● DATA SECTION:
<<<<

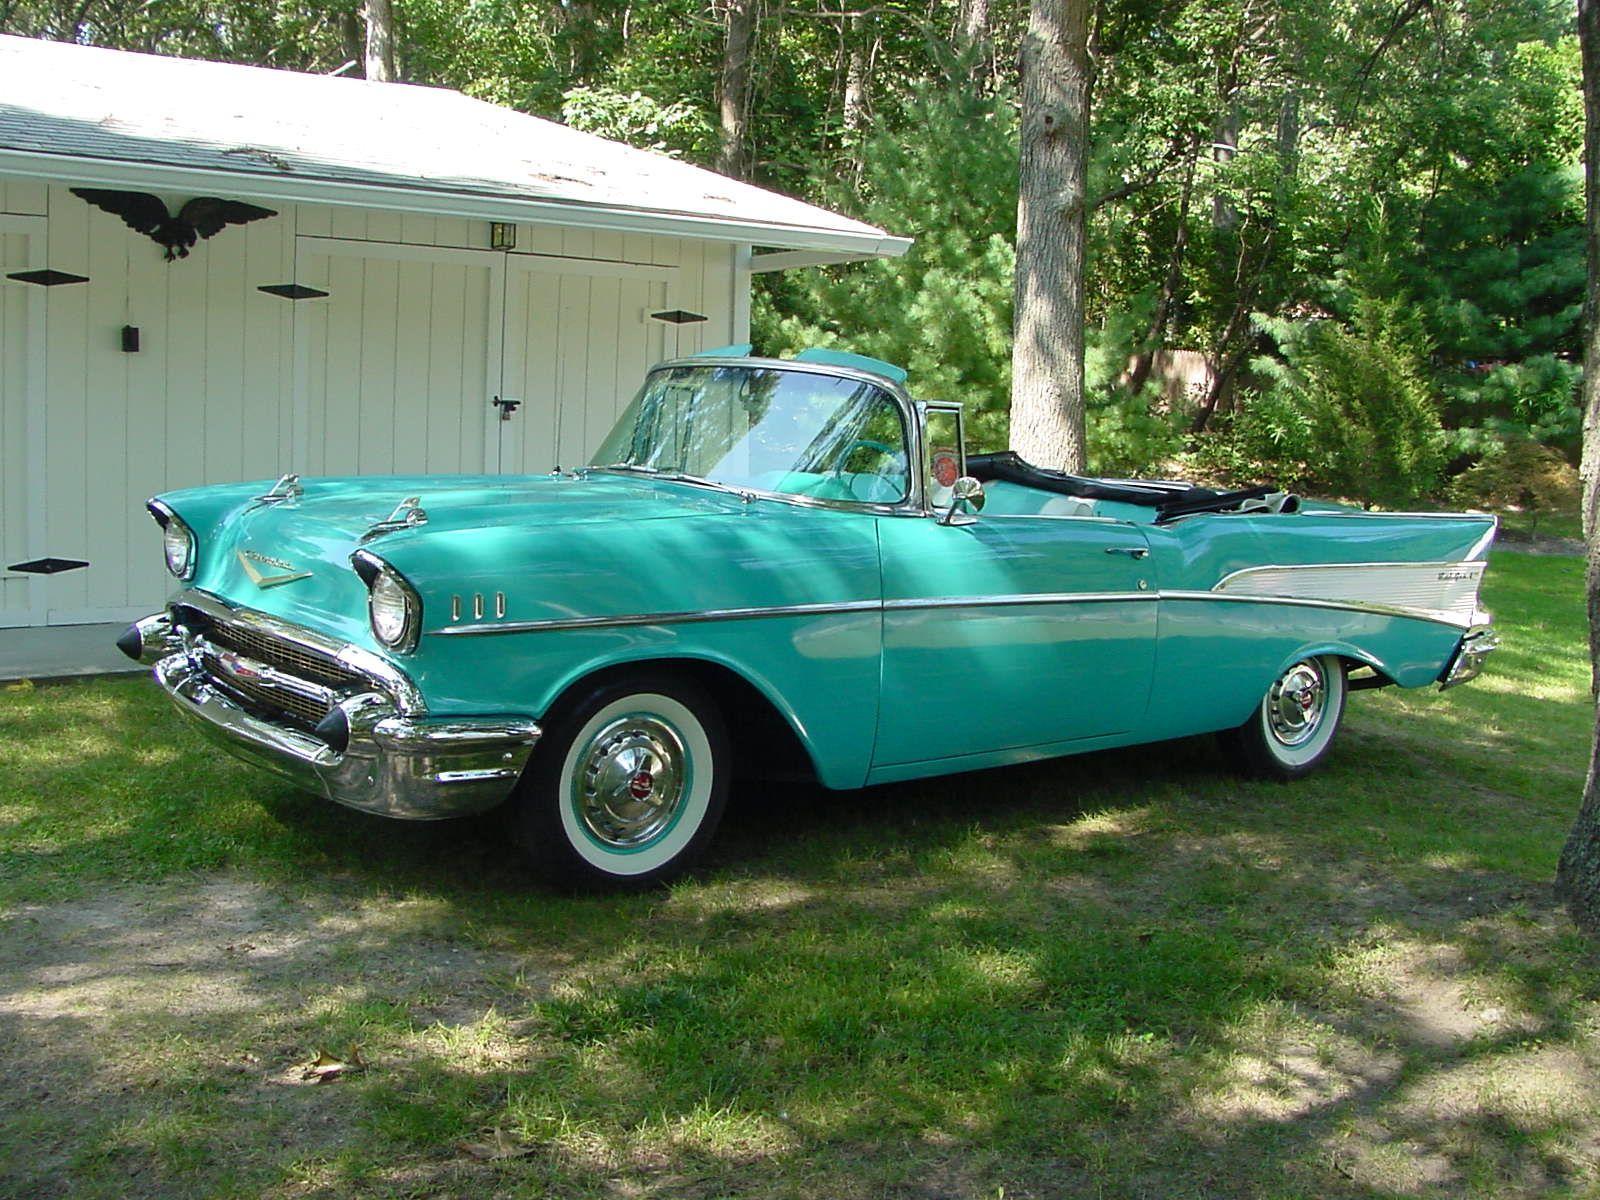 1957 Chevy Bel Air Chevrolet 2 Door Convertible Hardtop
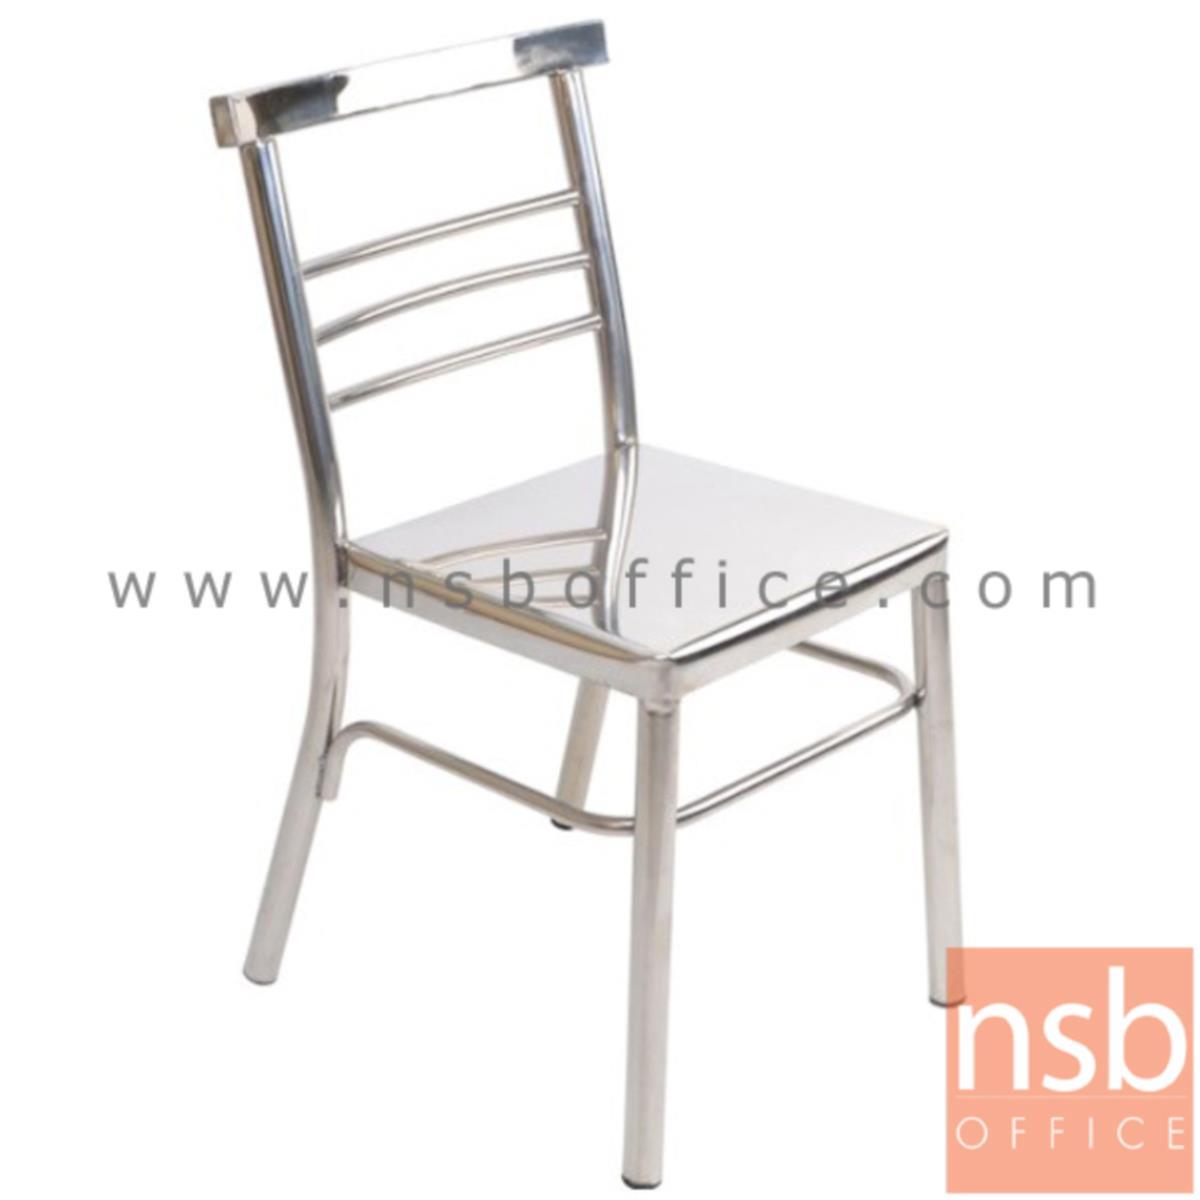 G12A090:เก้าอี้อเนกประสงค์สแตนเลส รุ่น Bethel (เลเทล)  ขาสเตนเลส
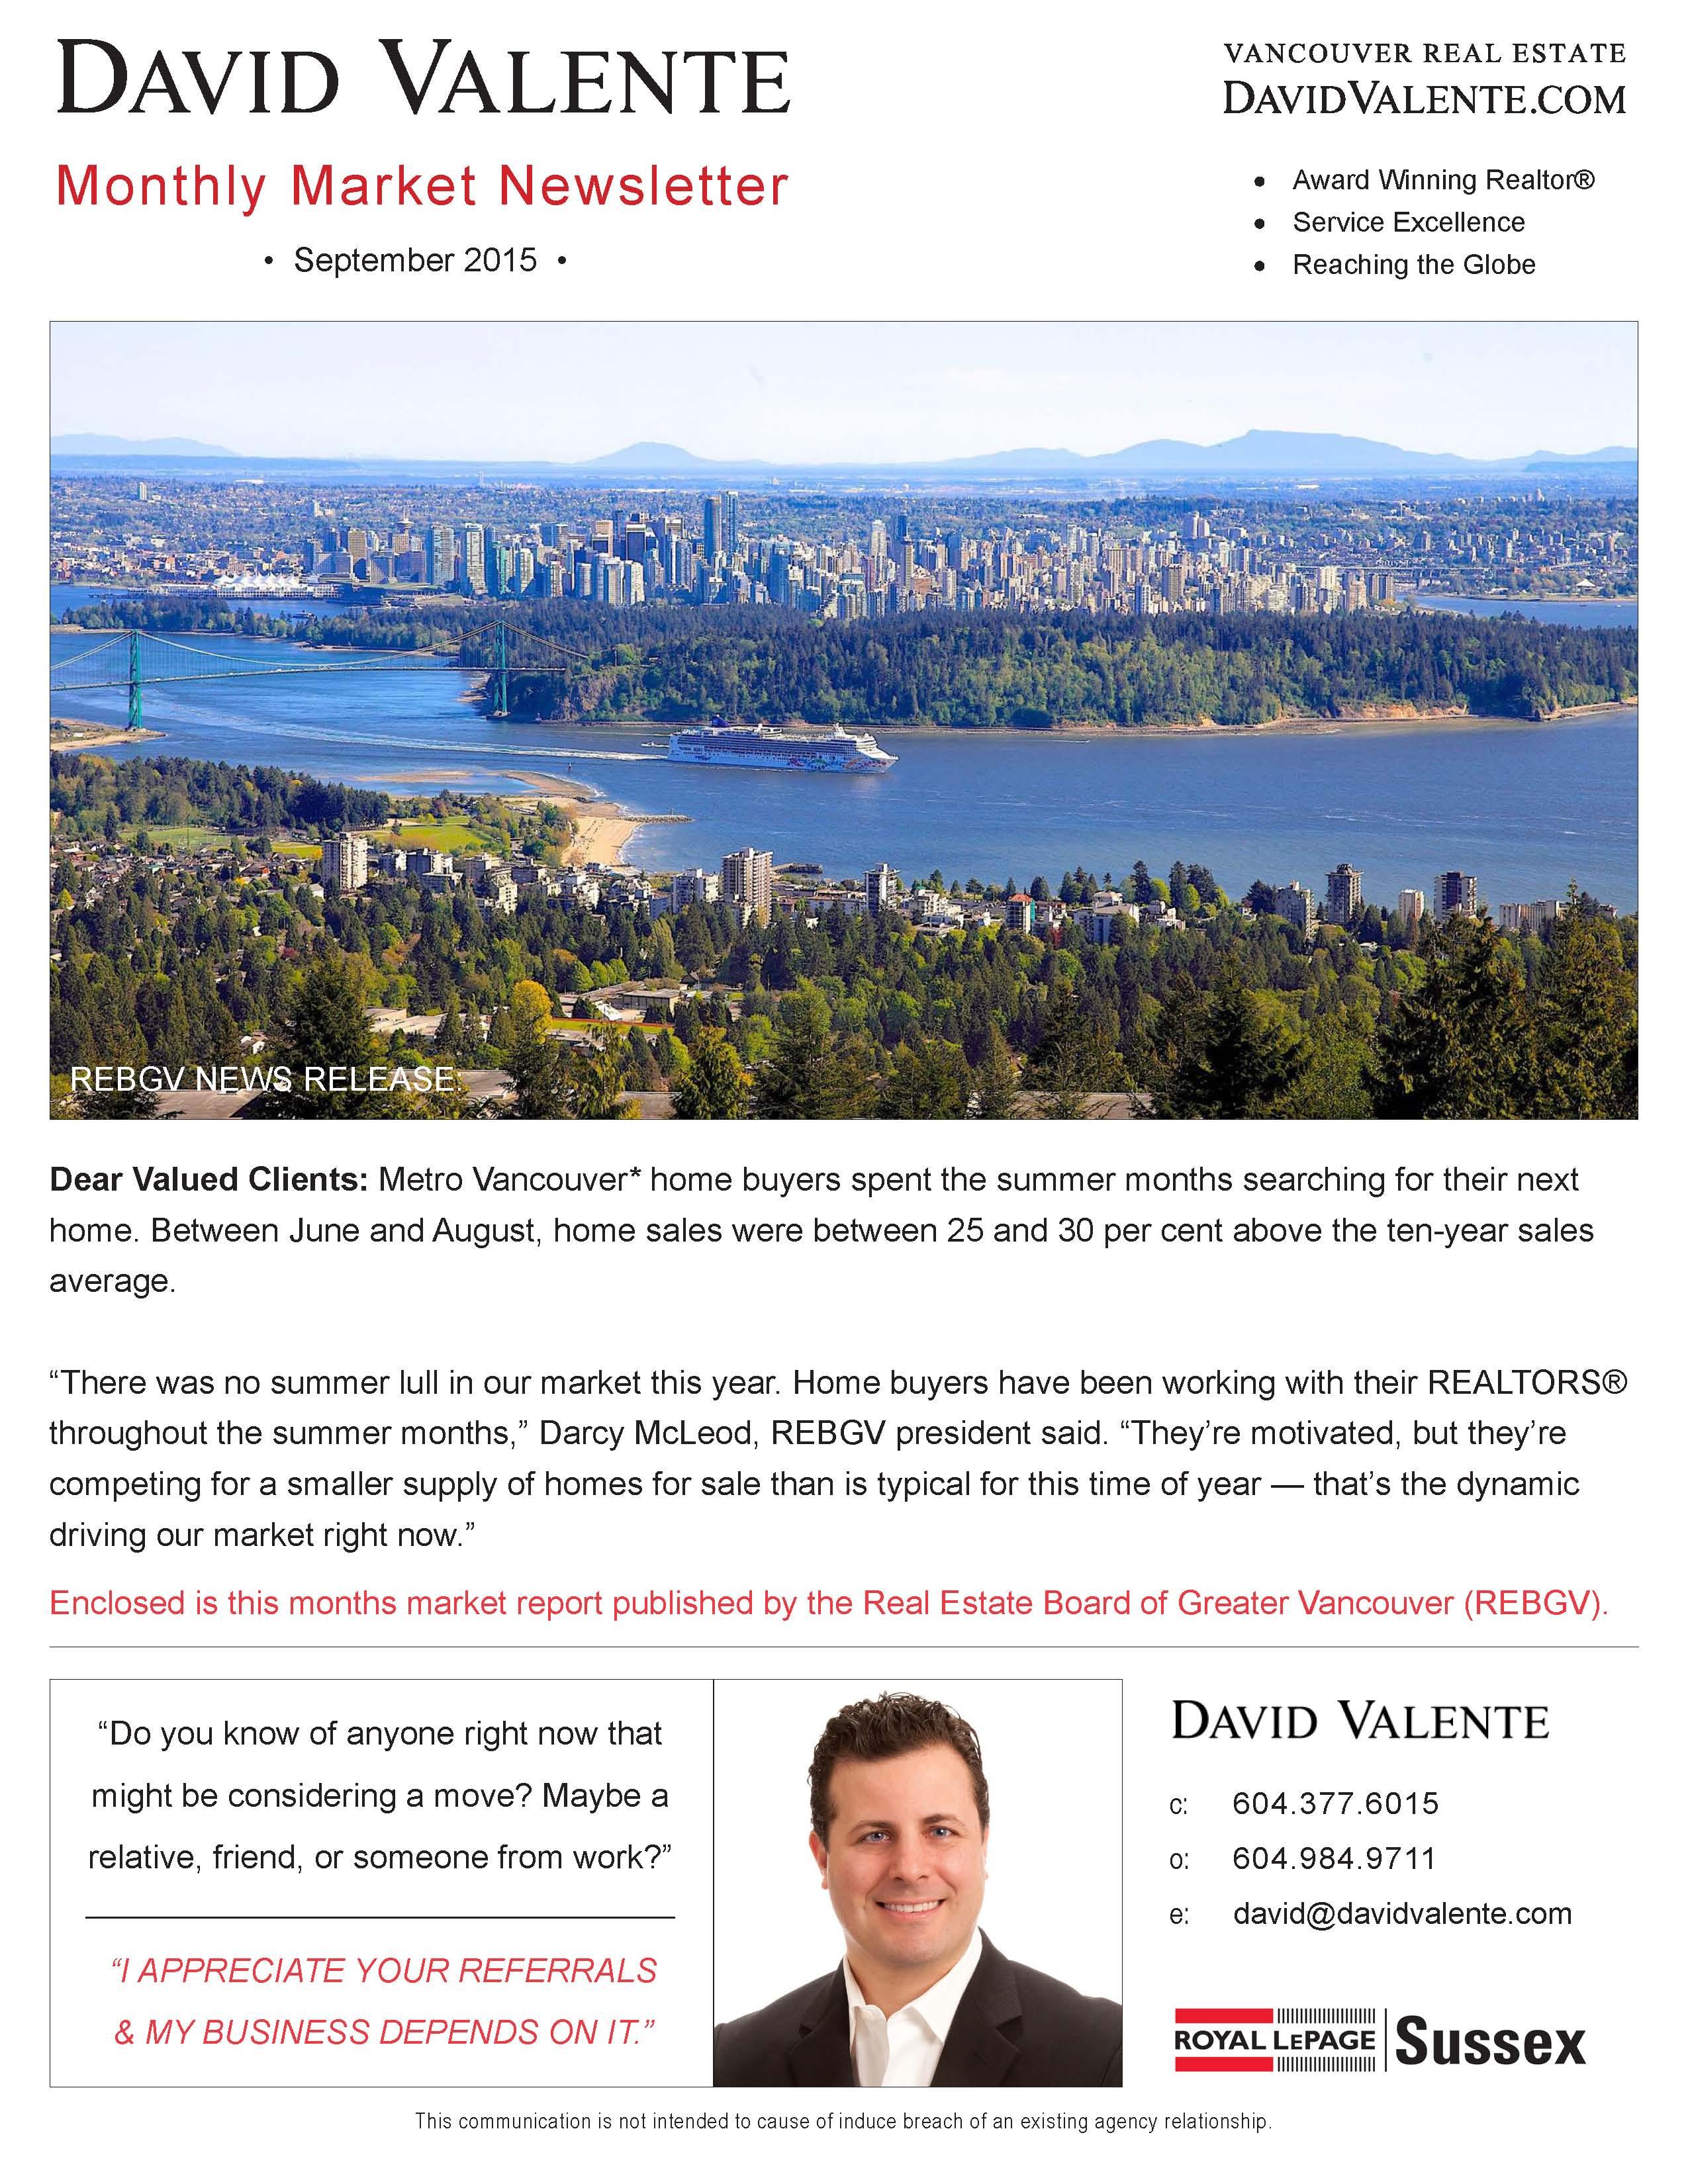 Sept-2015_MarketNews_VancouverRealEstate_DavidValente_Page_01

>>>>

● EXERCISE OBJECTIVE: All of the data above should be quoted exactly, except for the pictures.

● ANSWER SECTION:
 1957 Chevy Bel Air Chevrolet 2 Door Convertible Hardtop
 G12A090:เก้าอี้อเนกประสงค์สแตนเลส รุ่น Bethel (เลเทล)  ขาสเตนเลส
 Sept-2015_MarketNews_VancouverRealEstate_DavidValente_Page_01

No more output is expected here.